In [12]:
import matplotlib.pyplot as plt
import pandas as pd
import os
import numpy as np
import datetime
import glob
from pathlib import Path
from sklearn import datasets, linear_model
from sklearn.metrics import mean_squared_error, r2_score

DOWNLOAD_DIR = 'C:/Users/barba/entso/entsoe-data'

This will import the data, you have to run it to be able to solve the homework.

In [15]:
def read_single_csv_entso_e(file):
    return pd.read_csv(file, sep='\t', encoding='utf-16', parse_dates=["DateTime"])


def load_complete_entso_e_data(directory):
    pattern = Path(directory) / '*.csv'
    files = glob.glob(str(pattern))

    if not files:
        raise ValueError(f"No files found when searching in {pattern}, wrong directory?")
    
    print(f'Concatenating {len(files)} csv files...')

    each_csv_file = [read_single_csv_entso_e(file) for file in files]
    data = pd.concat(each_csv_file, ignore_index=True)

    data = data.sort_values(by=["AreaName", "DateTime"])
   # data = data.set_index("DateTime")

    print("Loading done.")

    return data


power_demand = load_complete_entso_e_data(DOWNLOAD_DIR)
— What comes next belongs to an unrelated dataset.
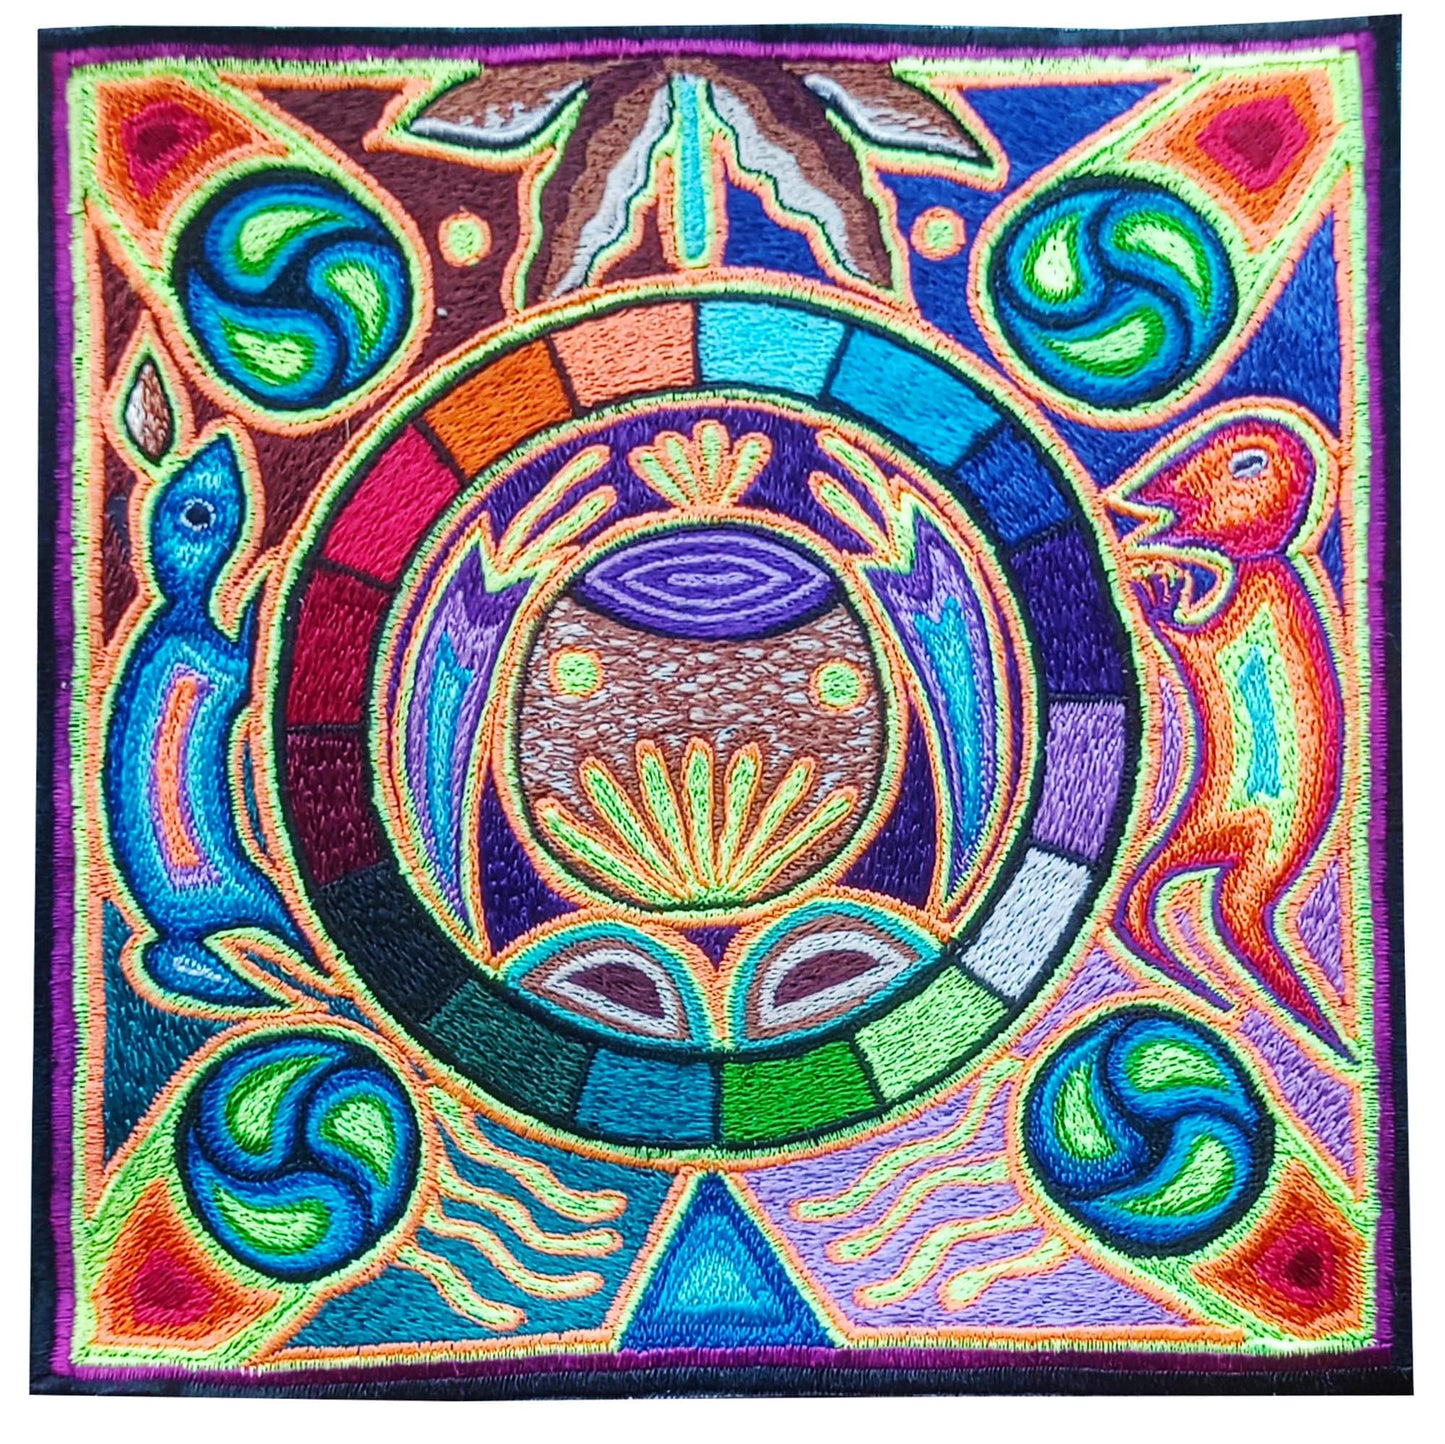 Huichol Peyote Medicine embroidery art shaman artwork mescaline blacklight glowing magic cactus indigene decoration UV active shining

Concatenating 68 csv files...
Loading done.


# Exercise 1 - Calculate the relation of Wednesday average consumption to Sunday average consumption for selected countries

In this exercise, calculate the relation of Wednesday average consumption to Sunday average consumption for the following countries: Austria, Germany, United Kingdom, Spain, Sweden, Italy, Croatia.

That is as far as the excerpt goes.